#### WHAT IS BEING ASKED
Taking the entries below, transcribe only the lines starting with the one with "[SEO] list website check domain authority" and going on through the one with "North Cape Tourist Information", exactly as written, without the pictures.

#### INPUT DATA
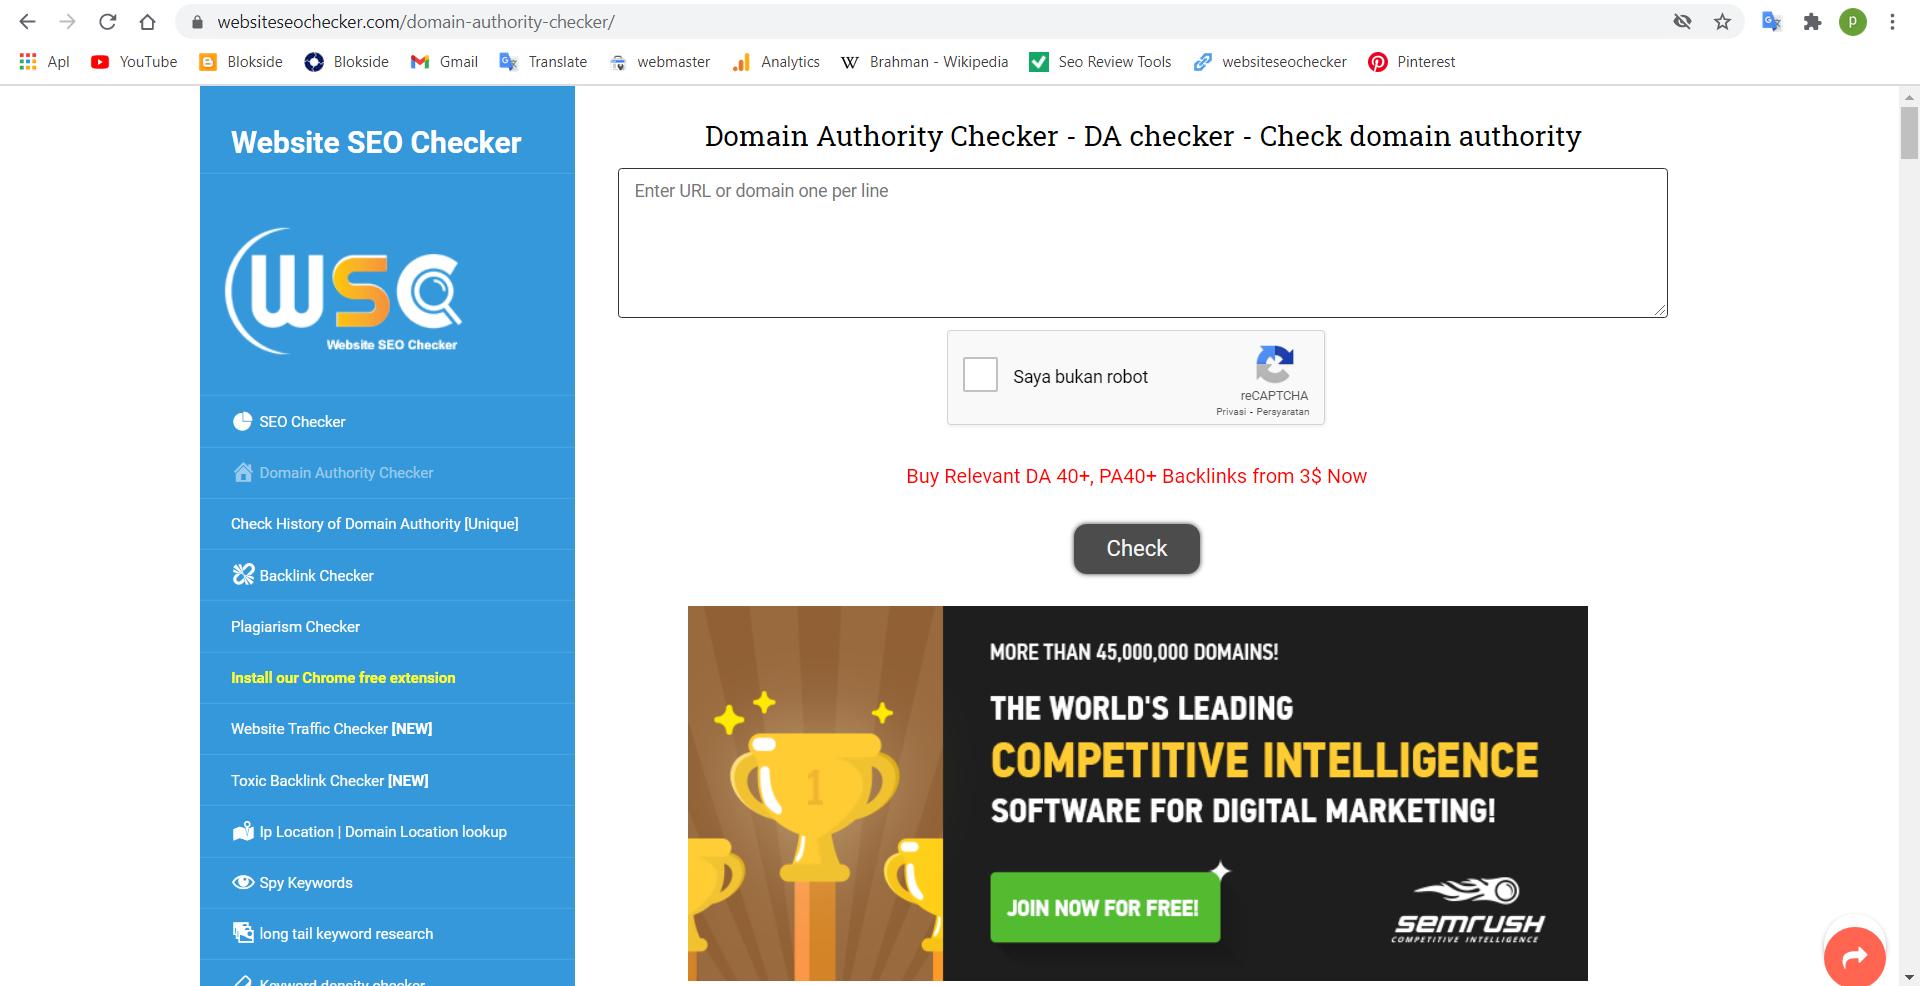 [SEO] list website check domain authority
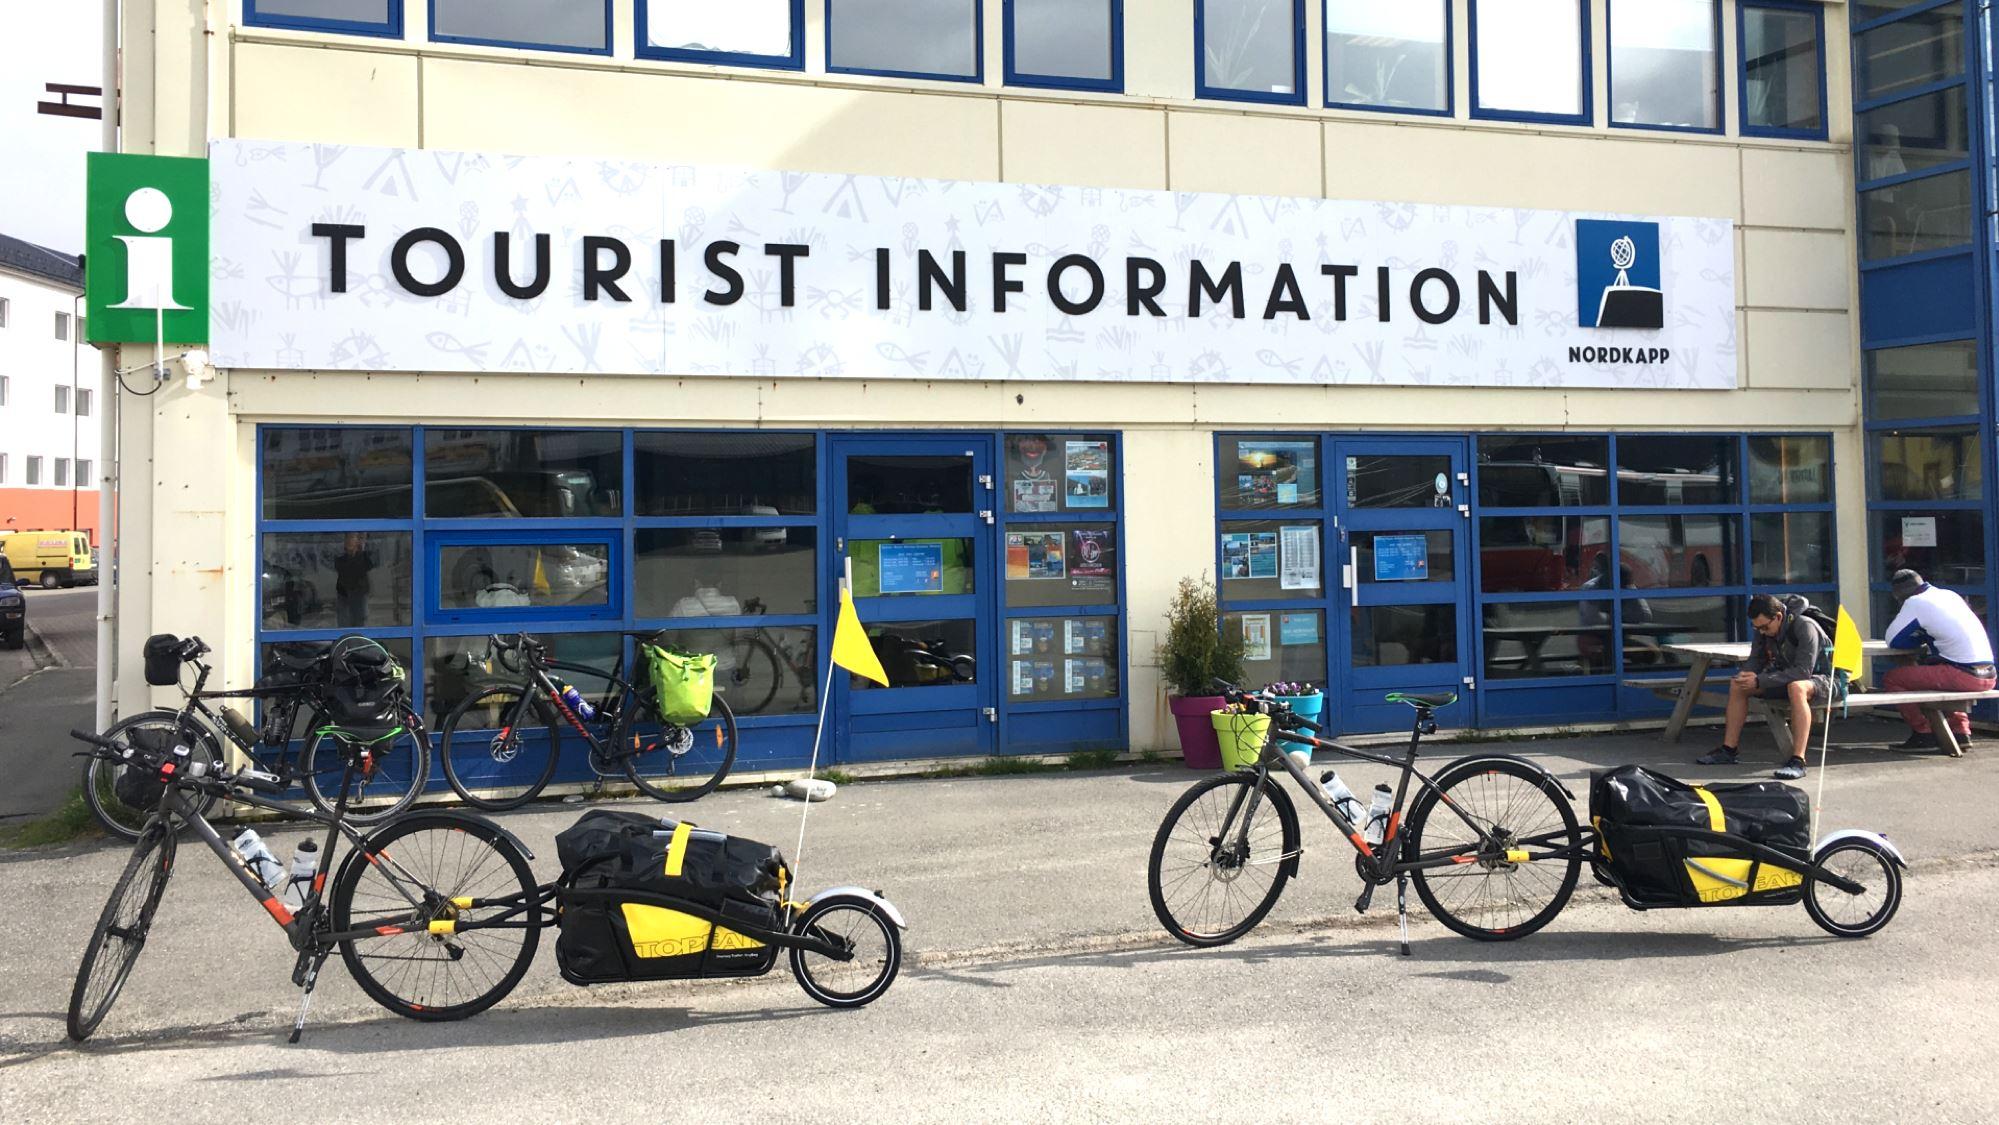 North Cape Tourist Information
---
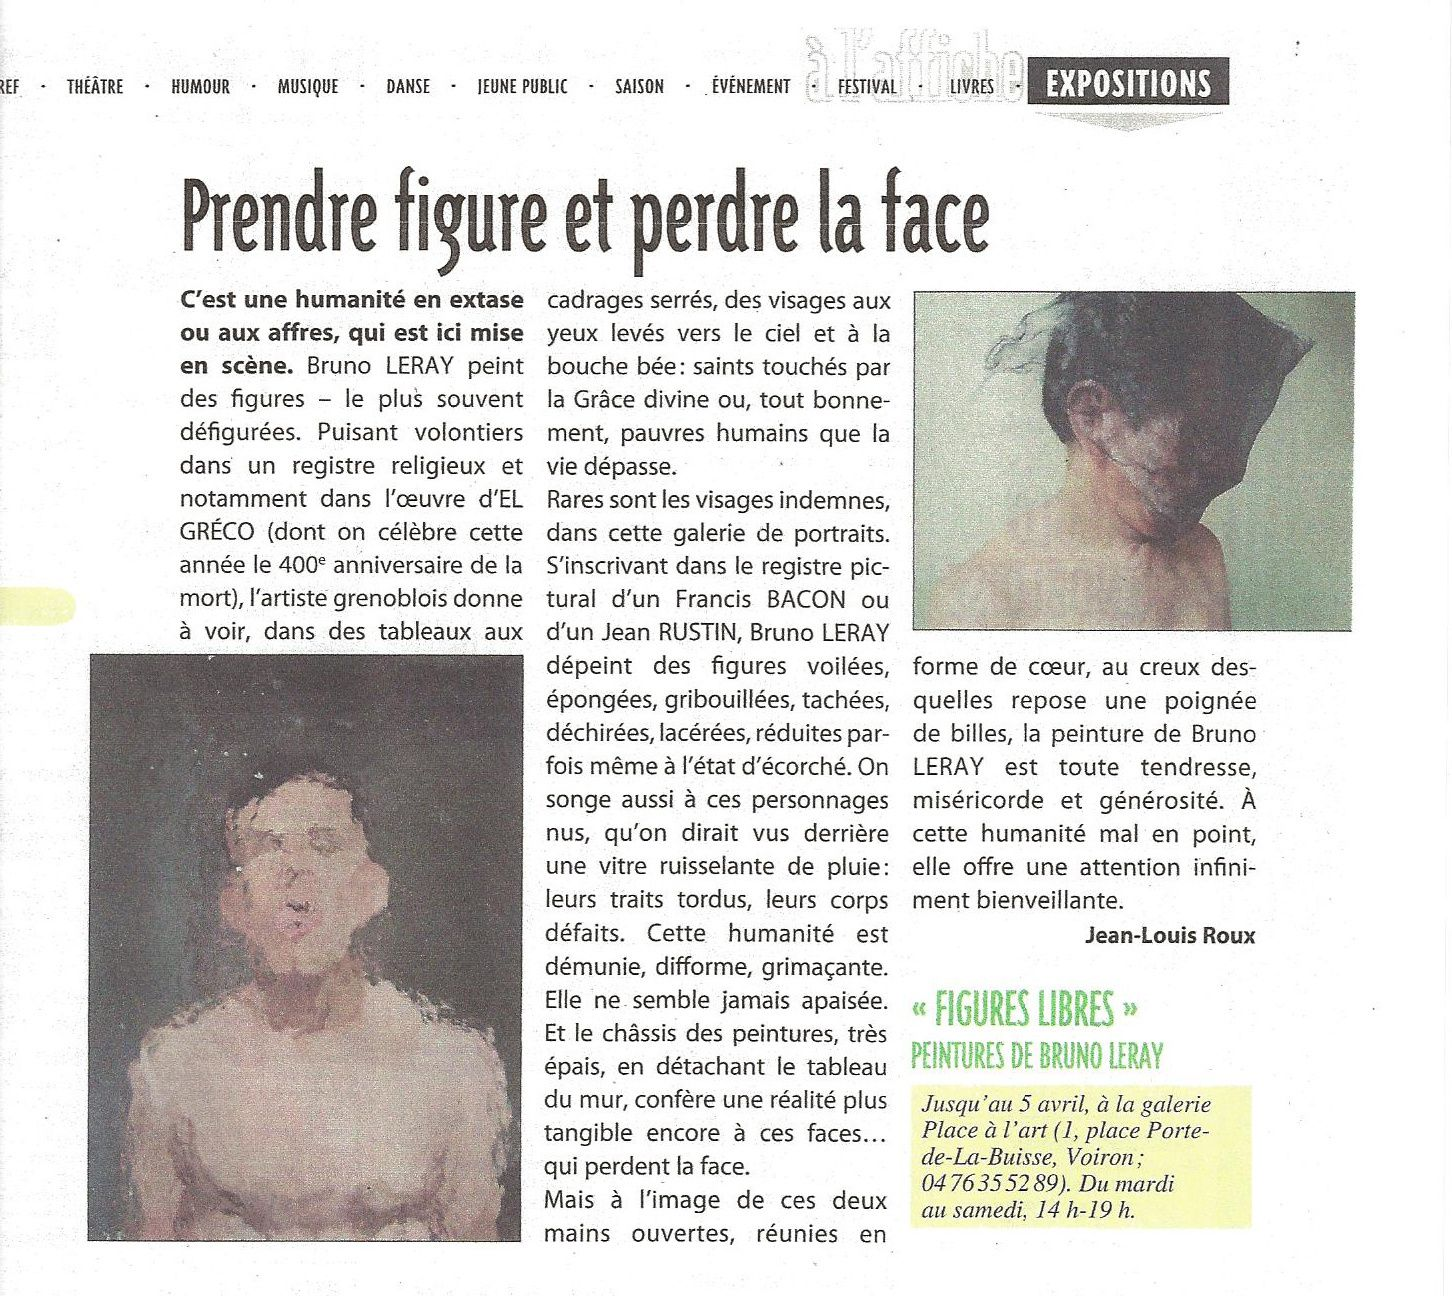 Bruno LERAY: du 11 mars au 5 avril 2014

#### EXERCISE RESULT
 [SEO] list website check domain authority
 North Cape Tourist Information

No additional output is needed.